Median household income in SF is $147k. If $180k isn't enough, $147k isn't either.

light_triad

The article frames the cost of living issue mainly in terms of demand (...because of OpenAI and Anthropic...), which is an important factor, but has very little to say about supply. San Francisco is a major metropolis that looks like a mining town: there's very few high-rise buildings compared to other major cities. It's due to many factors including strict zoning, growth caps, seismic risks (compared to say Tokyo?) and landlords that don't have much incentive to decrease the value of their skyrocketing assets. Also some recent setbacks like our leaning Millennium Tower. It might take a political earthquake to change the status quo given how ossified everything is unfortunately.

smb06

My rent has gone up by 15% over the last two years and it is reflective of the increase in salaries in AI startups.

jacobgold

Worth pointing out that someone making $180K/year in 2016 needs to make ~$250K/year just to keep up with inflation.

fragmede

What's frustrating is that an estimated 10-15% of SF housing is empty, due to rent control.
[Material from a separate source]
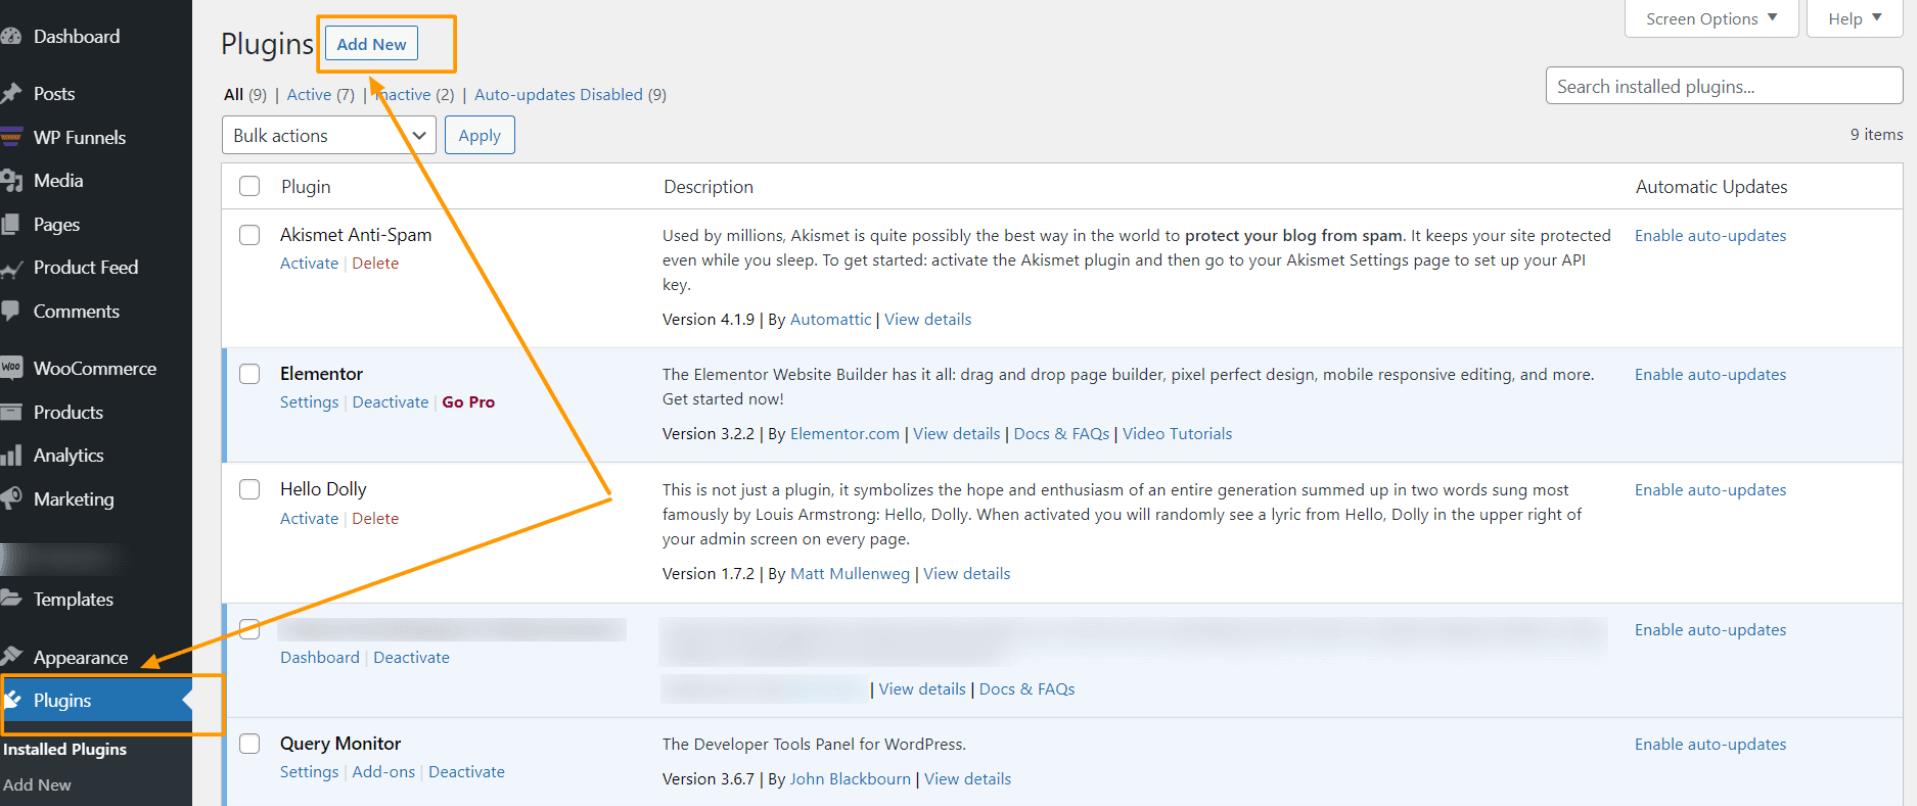 WordPress Dashboard - Add New Plugin

We'll see how the supreme court case about rent control goes.

apparent

> “I thought when I’d make $200k I would be able to basically not worry about money at all,” she said, adding that she and her friends stopped going out to restaurants last year and shifted to potlucks and reality-TV nights. $200k is a lot of money, but I'm glad that when I started making money like that I continued to live my prior life for several years. The savings accumulated during that period has had a huge impact on my later financial condition, and enabled me to do many things (career-wise and otherwise) that I would not have been able to do had I shifted into "stop worrying about money, eat out all the time" mode. Many people I knew did that, and most of them are fine. But golden handcuffs can really lock you into a career/track that you might not want to be on long term.

jleyank

Remote work or satellite offices would permit working where housing was more affordable and it would encourage 2 professional families. It would also encourage families as spare resources might be available for munchkins. But this seems to be the opposite of what the money wants. Edit: and nobody talks about climate or commuting costs.

dlcarrier

I've met multiple people who commuted to the peninsula via airplane, because it was much, much cheaper than living there.

Balgair

Prop 13 y'all https://en.wikipedia.org/wiki/1978_California_Proposition_13 Any discussion of the cost of housing in CA has to include this. Want to know why the property market there is so distorted? It's Prop 13. TLDR: Property taxes only increase 2%/yr (sorta, its complicated) and reset upon sale of the property. So current owners are highly incentivized to stay in place and not move. Supply is held down, so prices rise.

zzgo

They put all the good jobs in a city surrounded on three sides by a mile or more of water, IDK how this doesn't get mentioned every time a "San Francisco has gotten too expensive to live in" article gets posted since the late 90s.

frays

The question is how much worse will it be in another 5 years? Probably a $250k tech salary won't be enough.